Trader, analyst and instructor with a 6-year experience

FX BAZOOKA: gold 2014 outlook

FX BAZOOKA analyst Kira Iukhtenko

Gold prices drop in the year 2013 caught many investors by surprise. The yellow metal hit a historical high of $1920 per ounce in September 2011 and there was a wide-spread expectation for the price to continue the rally after some correction. However, bullion has depreciated by 26% since the beginning of the year and by 33% from the 2011 peaks. Gold has been trading slightly above the $1200 mark since summer 2013.

Global economy has substantially recovered since 2011, giving a boost to risk appetite. Safe, but boring gold has become less attractive for investments. This kind of logic has pressured XAU in 2013 and is expected to stand in the year 2014, if nothing catastrophic happens to the market sentiment.

Tapering - bearish for gold

The Fed has unexpectedly (or not?) announced the $10 billion QE3 tapering in December. Why haven’t we seen any immediate market reaction on the announcement? The answer is very simple; tapering is not really equal to tightening: monetary stimulus is still in place and is still huge.

However, the US monetary policy change will definitely impact the gold prices in 2014. Everyone understands that the era of loose monetary policy and cheap US dollar comes to an end. Real interest rates are gradually rising – the US 10-year Treasury yield has already recovered substantially. What’s more, when the bond-buying program is over, markets will switch to the expectations of a rate hike. Gold will become less and less attractive for investments as it will bring lower yields than the financial assets.

Subdued inflation

Demand for gold is traditionally high in times of a high inflation. Investors turn to the yellow metal as a store of value in an attempt to mitigate the inflationary risks.

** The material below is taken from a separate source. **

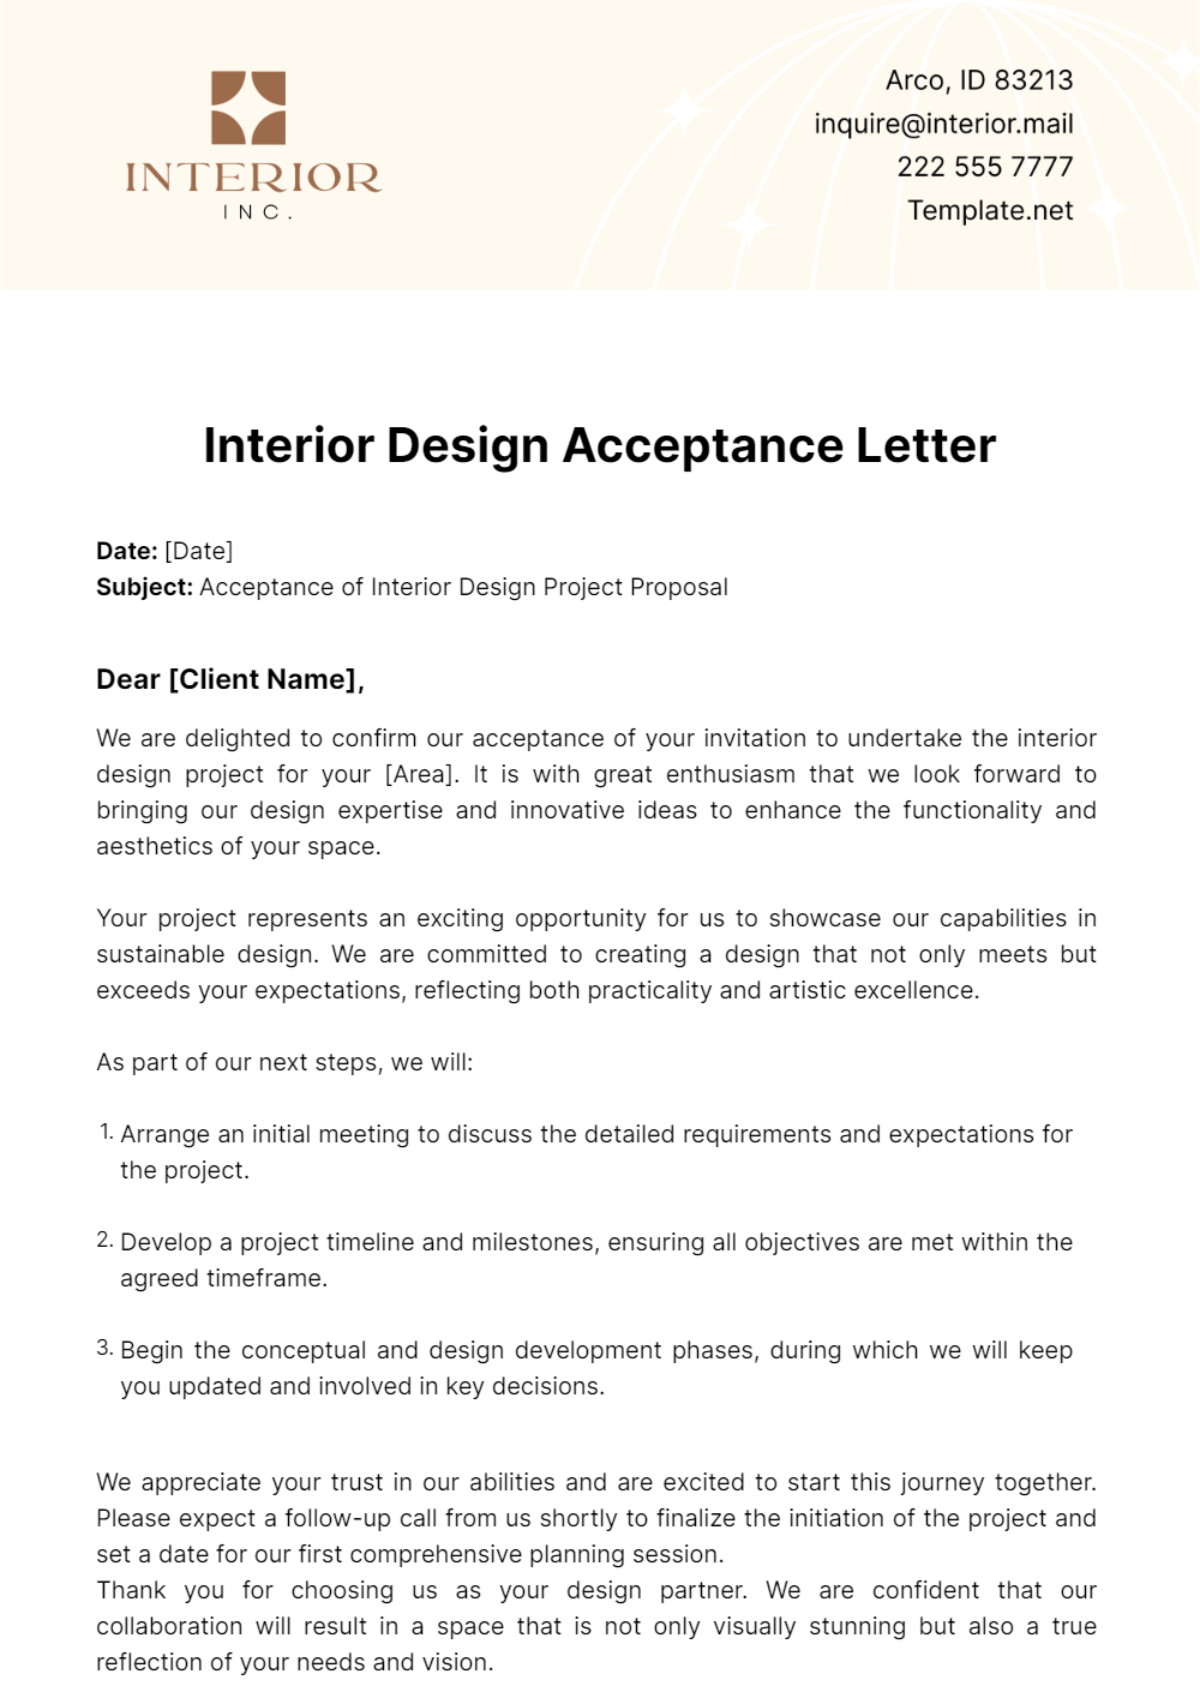 Interior Design Acceptance Letter Template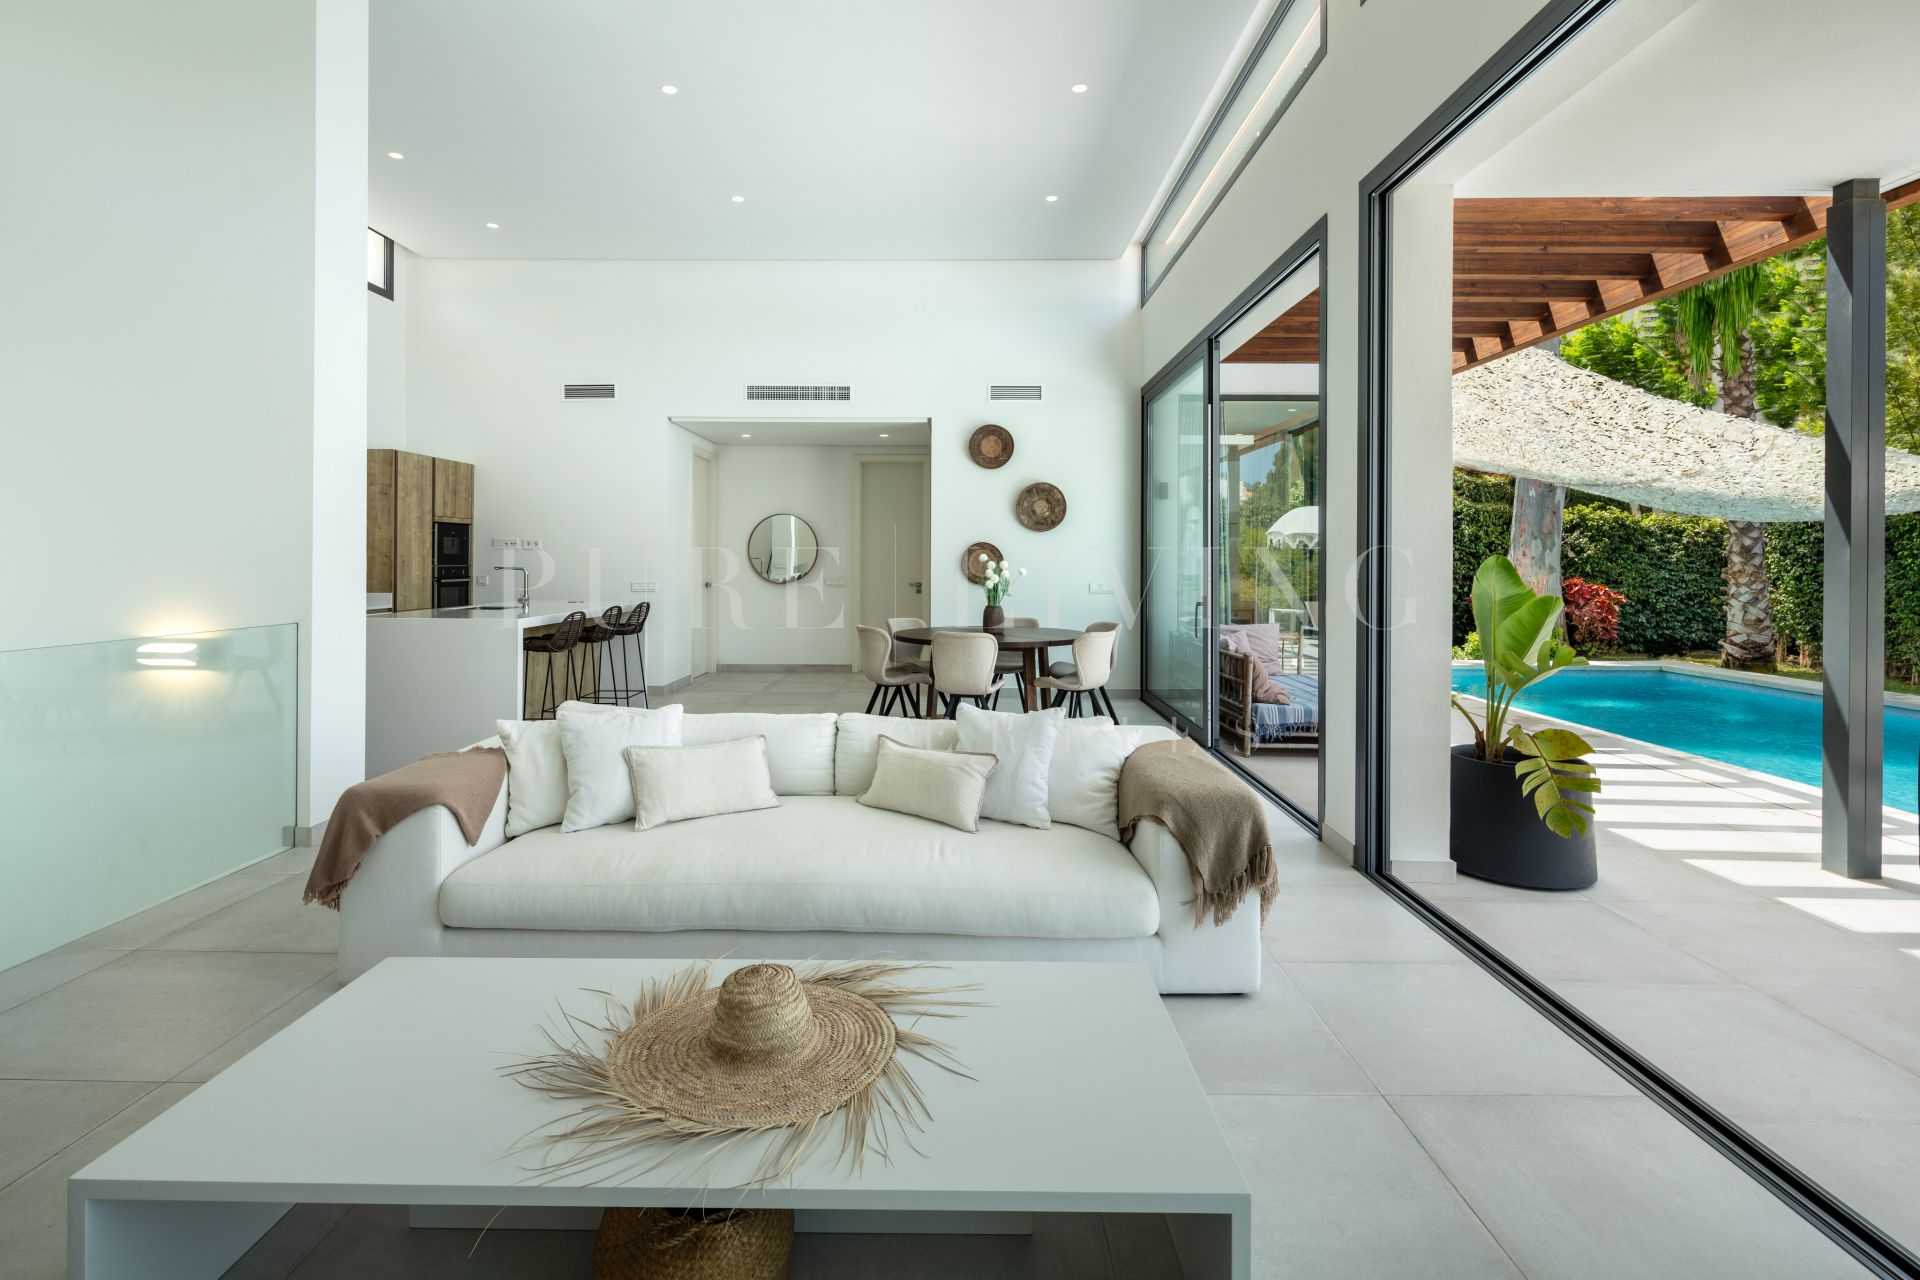 Luxury three bedroom villa in Arboleda

This year we’ve seen a different situation: the major central banks have faced deflationary pressures. We are living in a time of subdued global inflation – there are no visible reasons for a significant money supply increase. Liquidity is not excessive even despite the central banks’ easing: the “newly-printed” money doesn’t reach the real economy, staying in the banking sector. Gold price is unlikely to increase in a period of a low inflation.

Demand patterns


According to the World Gold Council report, Q3 physical demand for gold dropped by 26% year-on-year. In 2013 investment demand for gold contracted significantly, while demand for jewellery stagnated. Improvement of the global economy is generally good for metals, but the percentage of gold usage for industrial purposes is relatively small (see the diagram above). Central banks are still buying gold with diversification purposes, but this demand also doesn’t offset the slowdown in other areas.

All in all, the analysis doesn’t unveil any implications for gold appreciation in 2014.


At the end of the year 2013 gold is trading a little bit above the June 3-year low of $1180.0. The wide bullish monthly Ichimoku cloud has narrowed and is ready to turn negative - this is a strong bearish signal. 

Bullion price remained quite resilient for now, but we expect it to break below the $1180.0 support in the coming weeks and to extend the decline. Our bearish target for Q1 2014 lies at $1080.0 (50% Fibo). All the rebounds will be seen as corrective as long as the $1300 resistance holds.